By Jennifer Ryan
The past two months since our world has come to a standstill due to a global health pandemic have been jam-packed with intense emotions, from immense sadness to pure joy and everything in between. I feel as a cancer survivor, those emotions were certainly magnified for me, but on the more positive end of the spectrum.
YACC has equipped me with a generous toolbox of strategies to combat the similar array of emotions a cancer diagnosis tends to accompany. I have chosen to dig into this toolbox to help me cope during this pandemic as I navigate delayed cancer care, learning how to become a virtual teacher, home-schooling my school-aged children, caring for a baby and preschooler, supporting my husband’s career, housework, and my own mental health. A few tools that have been particularly helpful to me during this time are practicing mindfulness, building connection, gratitude and self-care.
I have been interested in the practice of mindfulness since I was introduced to it during the Survivor Conference 2017, however I didn’t fully commit to practicing it until this past year.
Mindfulness isn’t easy. I found it very challenging to quiet my mind but it is truly a skill that I have become better at with practice. I am so grateful to have this skill amongst others to choose from throughout this uncertain time, and meditation apps have been extremely helpful while I dealt with a wave of insomnia since the beginning of March.

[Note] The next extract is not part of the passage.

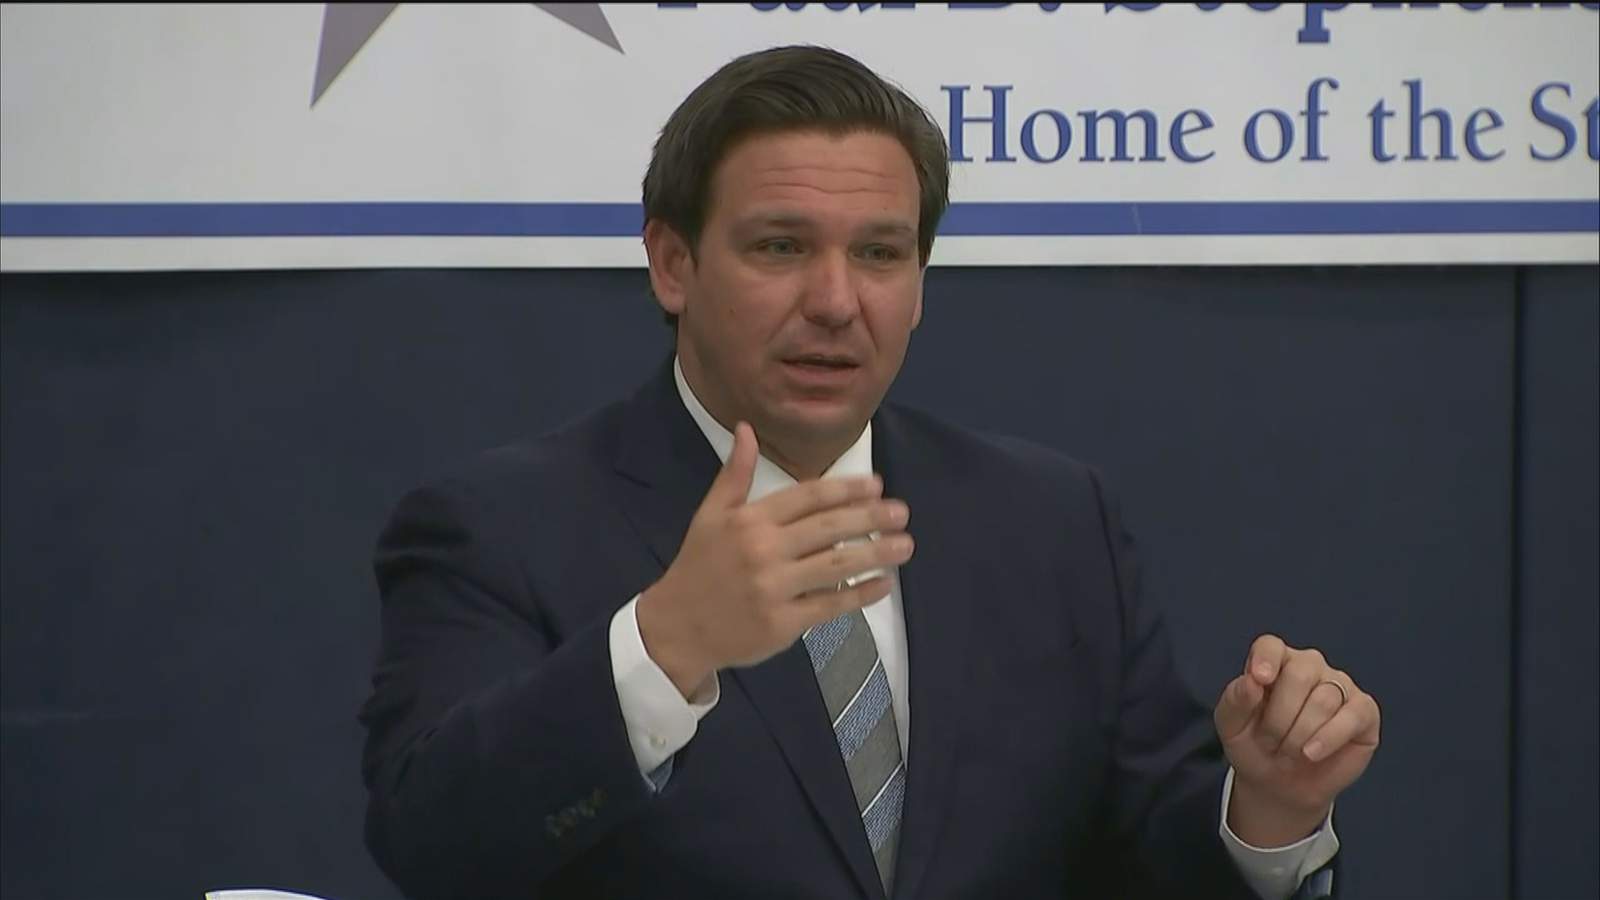 WATCH: Gov. Ron DeSantis holds education, coronavirus roundtable in Clearwater

Connection is the backbone of YACC, in my opinion. Most of my YACC peers have expressed a feeling of isolation once they are first diagnosed and before they connect with YACC. It’s human nature to want to connect with people you have things in common with, and that’s a big part of why these last two months have been so incredibly difficult for a lot of us. We have been challenged to come up with ways to connect while apart and it’s been exciting watching all the creative ways people are doing this.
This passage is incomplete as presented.